## Material supplied
= Beginning of Section =
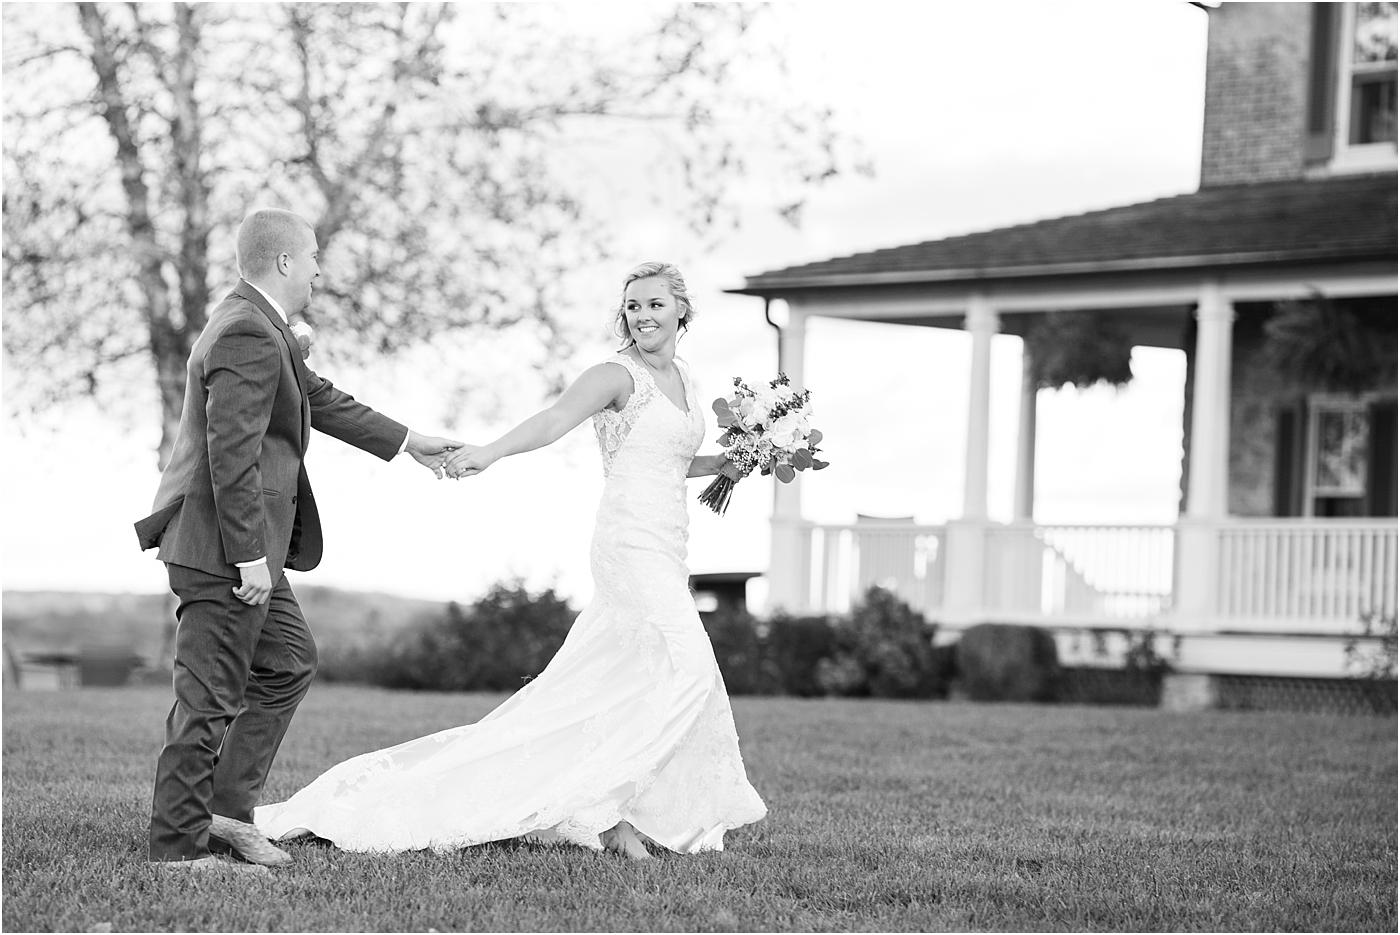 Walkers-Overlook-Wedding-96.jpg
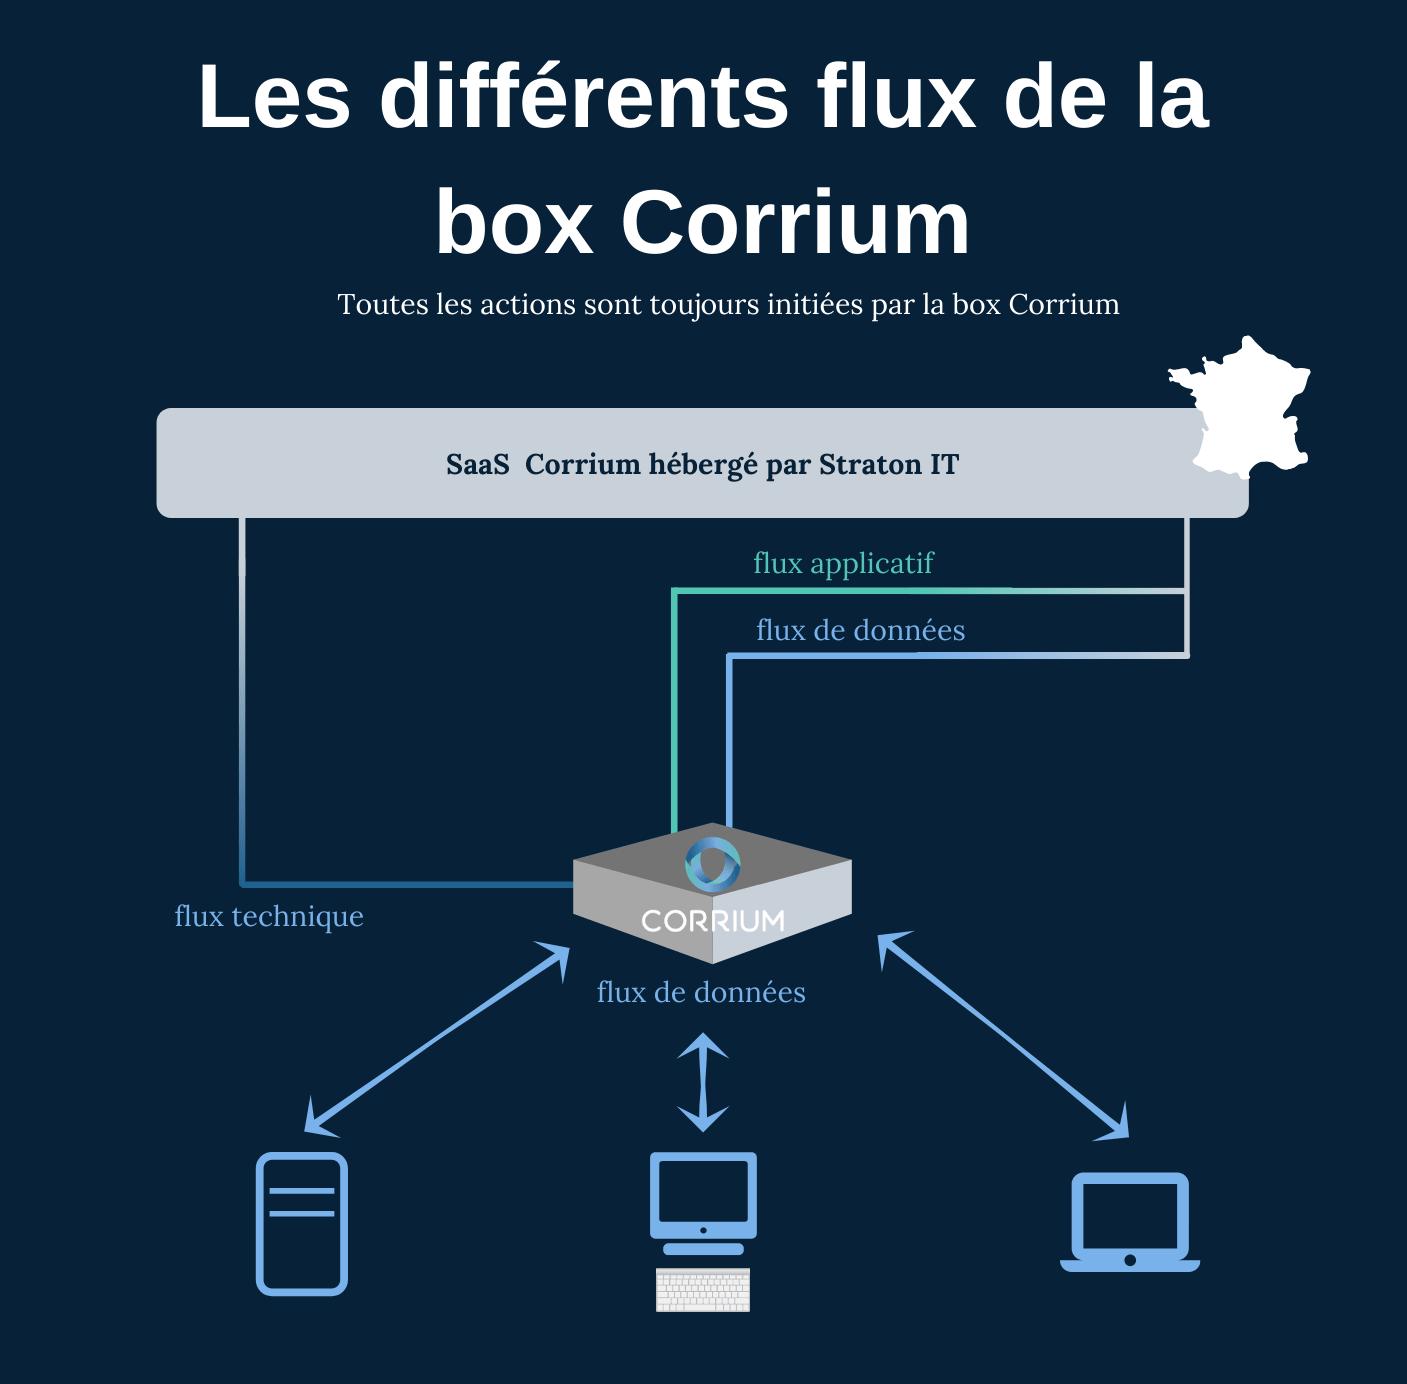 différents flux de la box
= End of Section =
= Beginning of Section =
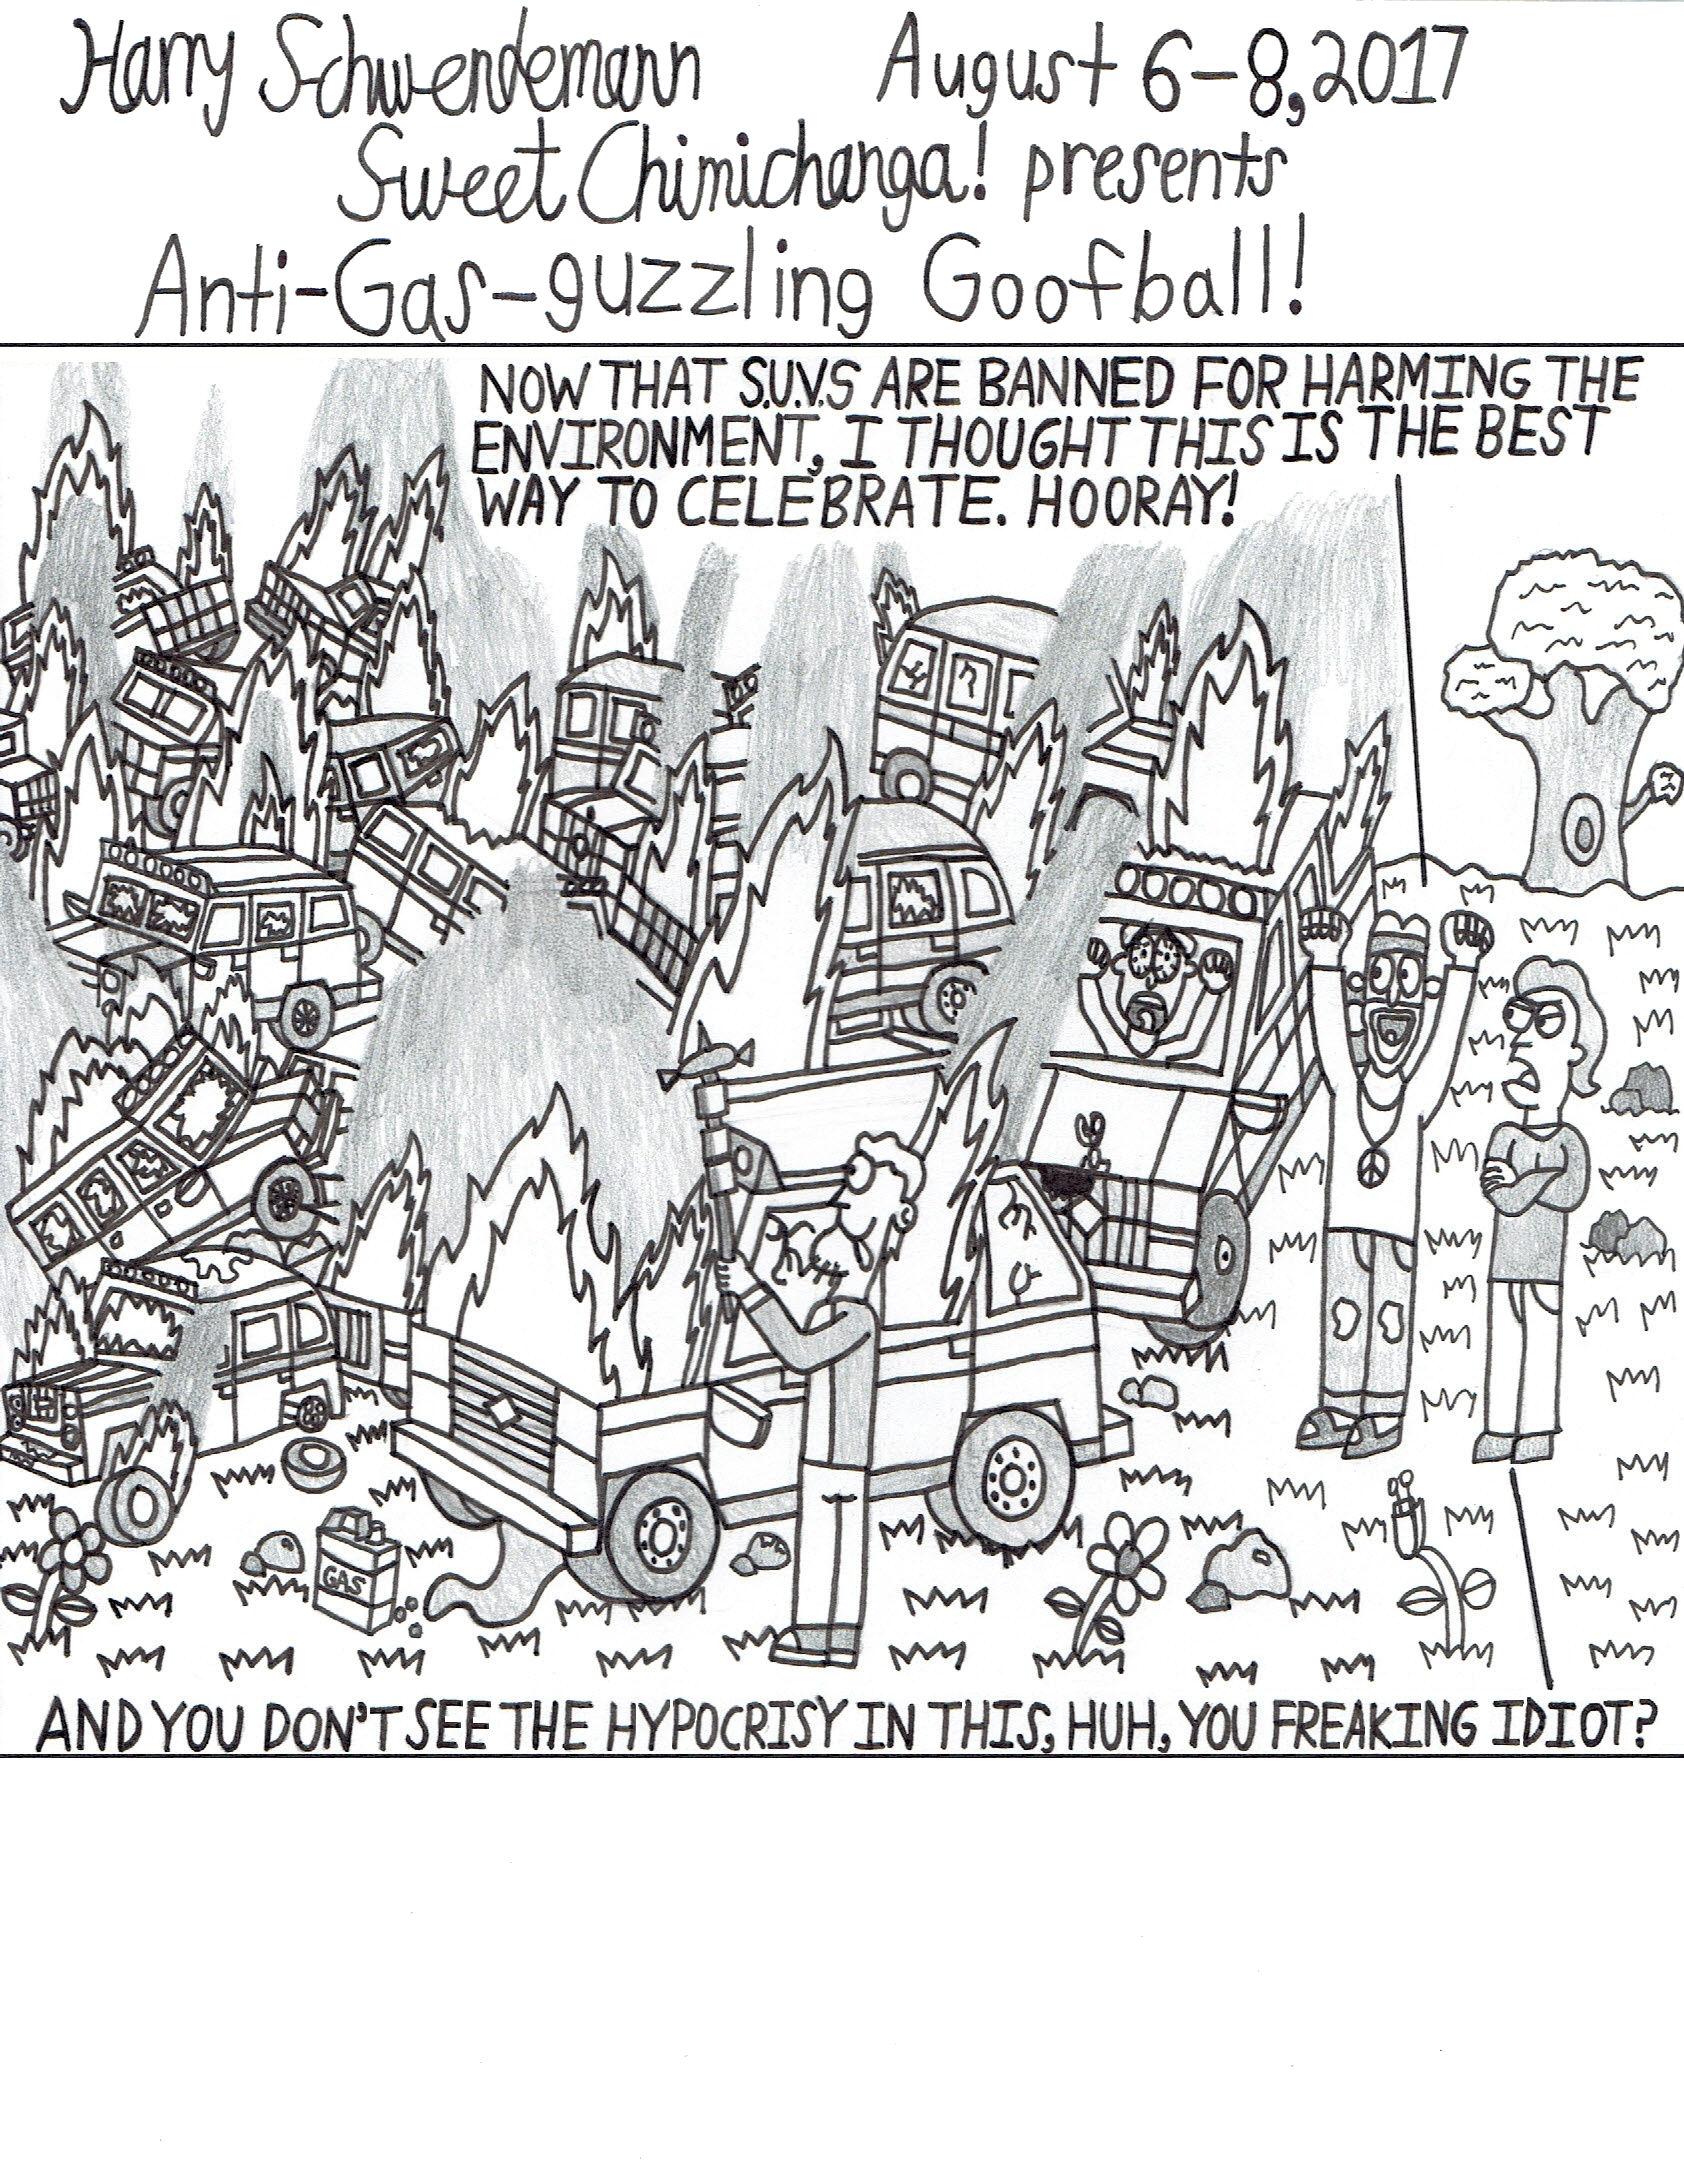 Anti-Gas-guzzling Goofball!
= End of Section =
## Work task
In the records above, find the line with "Walkers-Overlook-Wedding-96.jpg". Print exactly from there through the line with "différents flux de la box", minus the pictures.

## Answer section
 Walkers-Overlook-Wedding-96.jpg
 différents flux de la box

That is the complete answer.